The good news is that restoring your own microbiome can be safe, natural, and affordable. The logical approach is to reduce your own use of synthetic chemicals and start eating whole foods. You will want to reduce your use of synthetic chemicals because they typically create imbalance, supporting a few kinds of microbes while killing many others. Obviously, you will want to discuss this with a health care professional, preferably one who understands microbial ecology and microbiomes, to develop a safe plan for altering your use of prescription drugs. By eating a complex diet complete with the nutrients present in hundreds to thousands of unique species of microbes, you can attract and retain microbes from your surrounding environment that naturally restore your microbiome. Here are some good ways to get the whole foods you need.
- The first, and best way is to eat a variety of locally grown organic foods. One reason we support the development of 21st century Victory Gardens is because when families become competent at growing their own organic fruits and vegetables, fresh whole produce is both accessible and affordable. When foods are grown organically in a well managed soil, they attract natural microbiomes that support health. These plants consistently prove to be more nutritious and more flavorful than plants that have been treated with chemicals, shipped long distances, and stored for long periods of time. Farmer’s markets can also help connect consumers with producers of local organic foods.
- The second way is to take dietary supplements that offer complete and balanced mixtures of essential nutrients. I look for products that contain the nutrition derived from whole plants, whole microbial communities, or where possible, entire ecosystems, and I check to make sure that in addition to key vitamins, these products contain the mineral nutrients essential for good health. Why the emphasis on mineral nutrients? Because the mineral elements are components our own bodies cannot synthesize. Neither can the trillions of microbial cells that make up our microbiome. So if we need a mineral element, we simply must get it from our diet. Yet most of our foods today are being grown on soils that have been treated with chemicals that chelate mineral nutrients, and fertilized only with those elements that boost plant yields or minimize plant disease. Little attention has been given to the concept of growing food for it’s nutritional value to humans. This is why we cannot rely on whole foods from the produce isle, the meat counter, or the dairy section of the supermarket (much less from the processed foods sections) to meet all our nutritional demands.

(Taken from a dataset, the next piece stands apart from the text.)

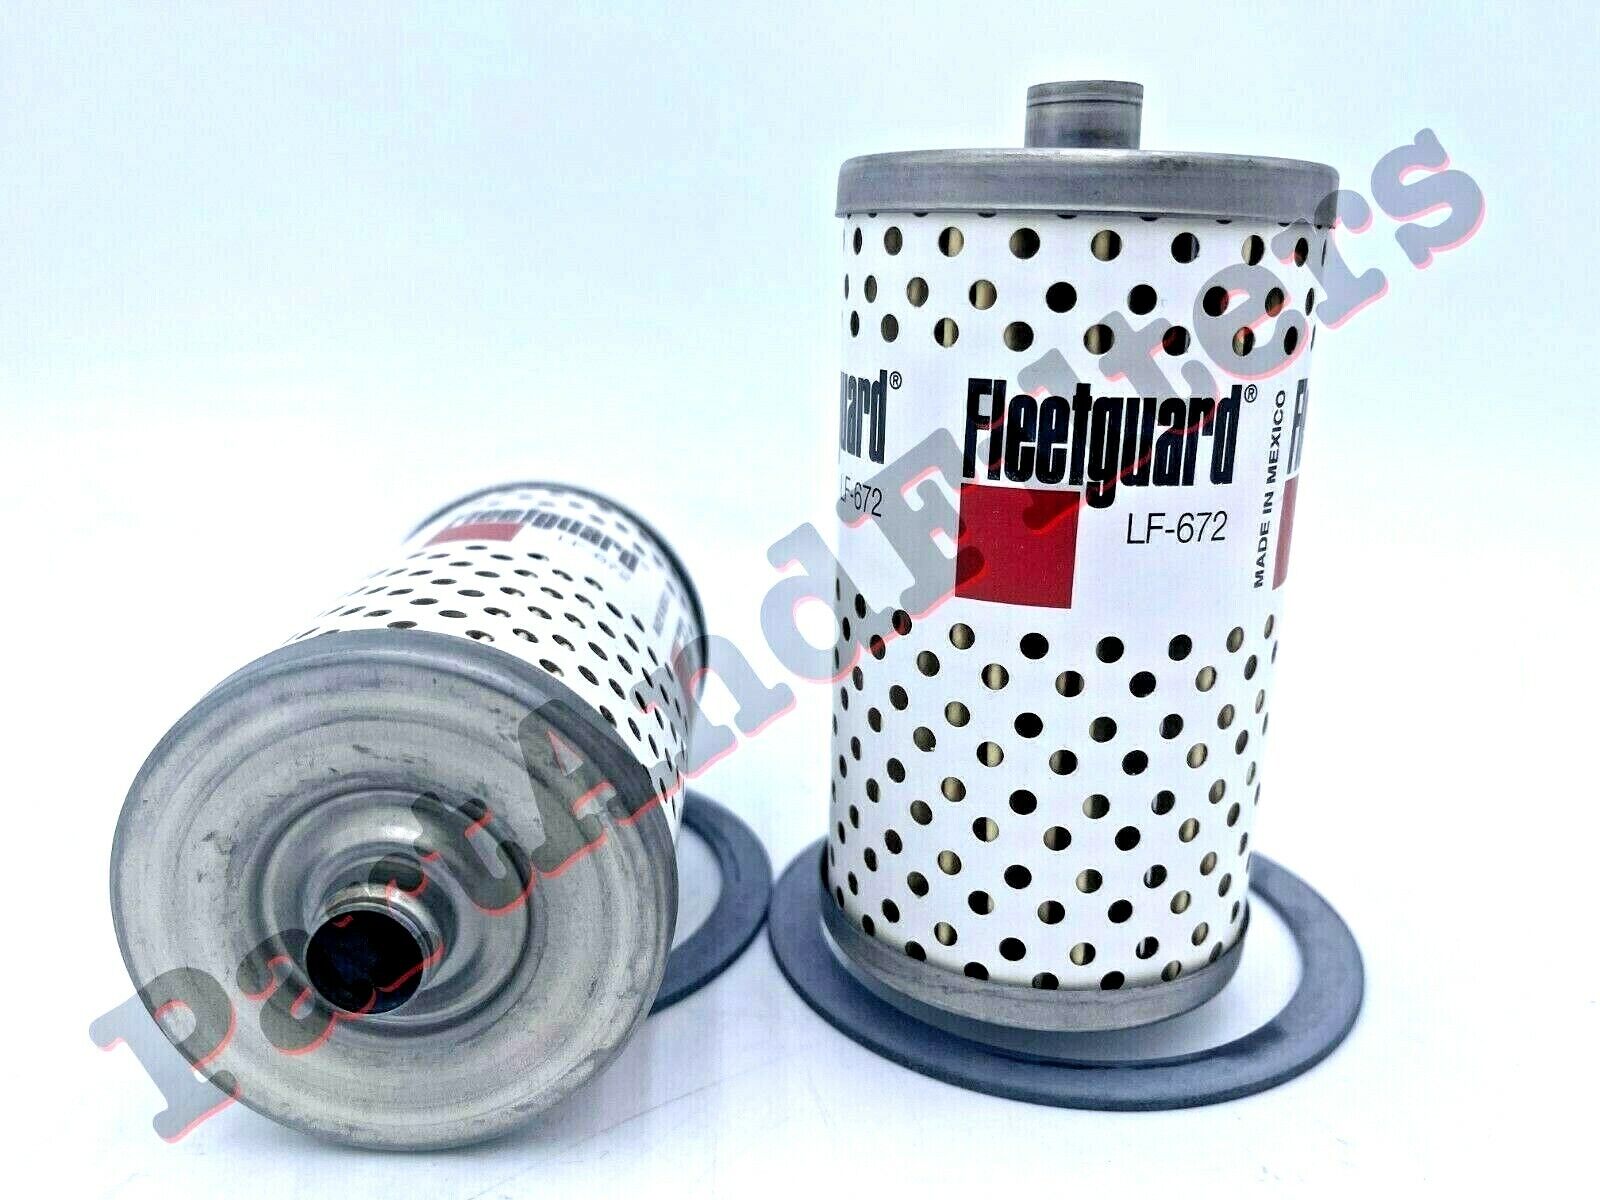 Fleetguard LF672  oil filter Fits Farmall IH Cub 154 184 185 LoBoy

- Minimize exposure to chemicals, including pharmaceuticals, cosmetics, and household or workplace chemicals, and even highly purified plant extracts like white sugar, that can offset the nutritional balance within your cells.
- Maximize consumption of raw, whole foods. Sure, you will want to cook those foods that are of high risk for food poisoning. But many common fresh fruits and vegetables can and should be eaten without cooking. Fresh salads can be loaded with active enzymes, nutrients, prebiotics, and even probiotics may be lost in the cooking process.